MEN’S BASKETBALL | Early on, offense struggles

The Elis have topped 60 points in regulation in only three out of their first eight games this season.
The Elis have topped 60 points in regulation in only three out of their first eight games this season. Photo by Sari Levy.

Led by All-Ivy selections forward Greg Mangano ’12 and guard Reggie Willhite ’12, last year’s men’s basketball team terrorized Ivy League defenses. The senior tandem averaged just over 30 points per game combined and helped the Elis to finish atop their conference scoring offense rankings at nearly 69 points per game.

Yet after the departure of Mangano and Willhite, the men’s basketball team has struggled to score in the nascent season. The squad has managed just 59 points per game in its first seven contests, ranking above only Princeton among Ivy League rivals. The Elis have also seen their field goal percentage dip by nearly six percentage points, from 43.2 percent to 37.3 percent, and their number of assists per game dropped from 13.2 to 11.4.

“What we’re trying to do is share the ball between everyone on the team,” head coach James Jones said. “Last year, Greg and Reggie dominated us … The offense kind of stopped when they touched the ball because they made a lot of individual plays, so our focus this year is to try to be able to move the ball and have more equal parts on offense.”

Guard Austin Morgan ’13 said that learning a new offense has contributed to the early struggles.

While the team runs the same offensive sets as last year, its motion offense in transition and after those sets break down differs from the previous season, said captain and guard Sam Martin ’13.
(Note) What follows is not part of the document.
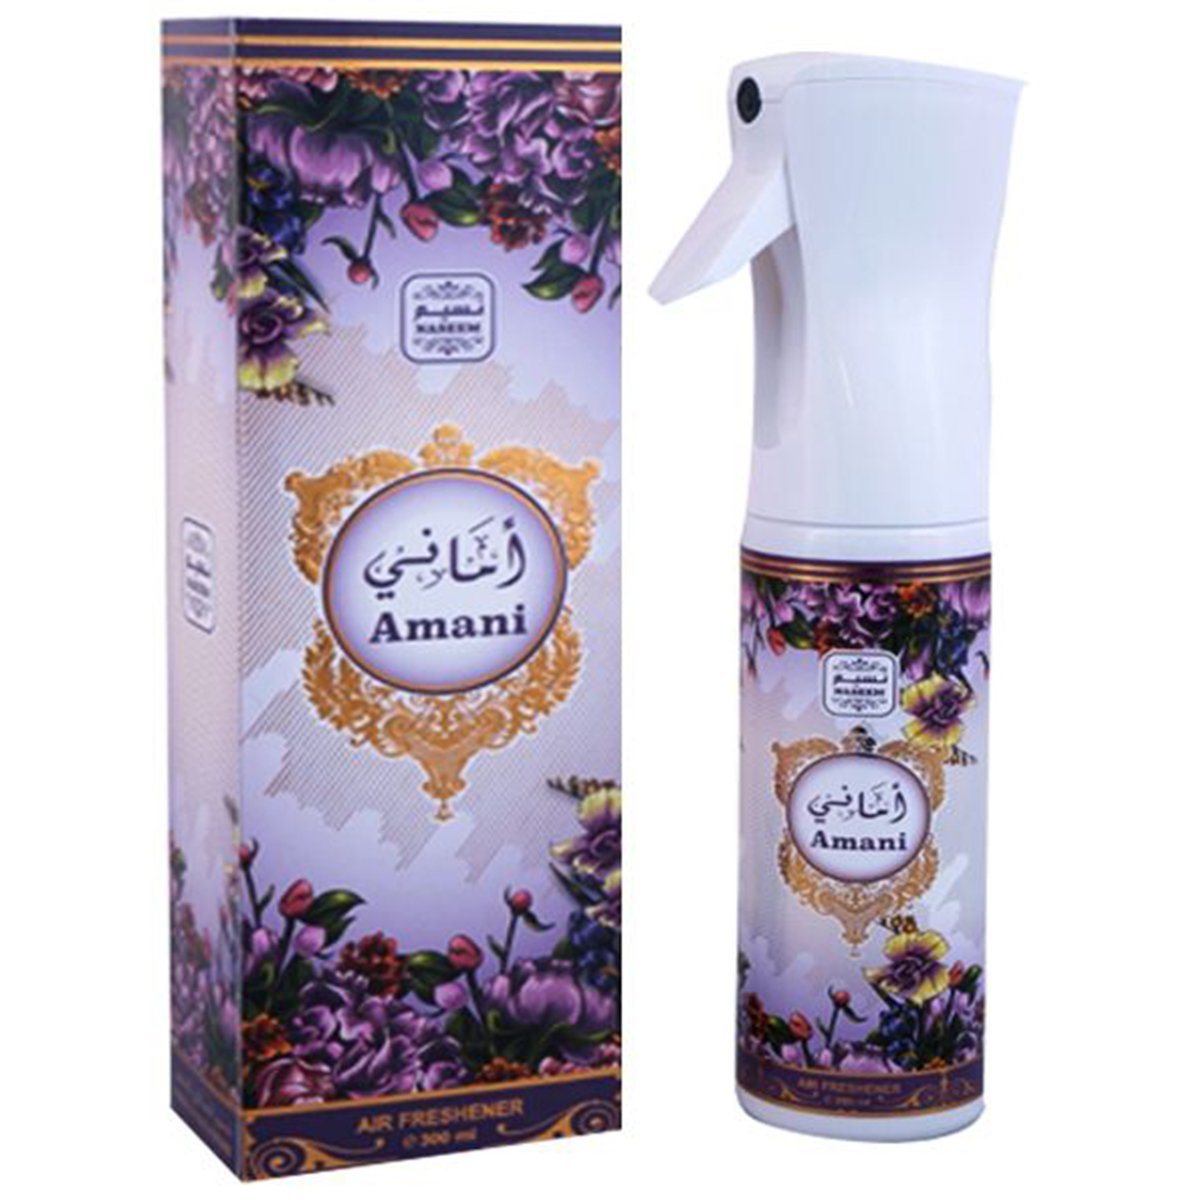 Amani Air Freshener 300ml By Naseem-almanaar Islamic Store

He added that without the presence of Mangano and Willhite, the focus of the offense has shifted away from one-on-one play towards team offense. Some elements of that team offense include generating efficient shots, moving the ball from inside-out, creating kick-outs off of penetration and looking for backdoor cuts.

He also said that having multiple players with the ability to score about 10 points puts more pressure on opposing defenses. Teams that were able to limit Mangano and Willhite last year effectively contained the Bulldog offense, he added.

“I think everybody on our team is a capable scorer, so now if you can spread the ball it makes us much more difficult to guard,” Jones said. “The hope is that we have more guys averaging more points.”

Still, the Bulldogs (2–6, 0–0 Ivy) have struggled to attain that goal. The Elis have topped 60 points in regulation in only three out of their first eight games this season; the team accomplished that feat in every one of its first eight contests last year.

Jones said the team will look to improve its offense through practice, especially by focusing on the players adjusting to their roles on the floor and continuing to learn how to share the ball.

“I think the timing just isn’t there yet. We’ve been doing a lot of dummy stuff in practice,” Martin said. “It just takes repetition, but I think we had a good week of practice and hopefully it’ll be better in the next couple of games here.”

The men’s basketball team takes on Bryant University in Rhode Island tonight at 7 p.m.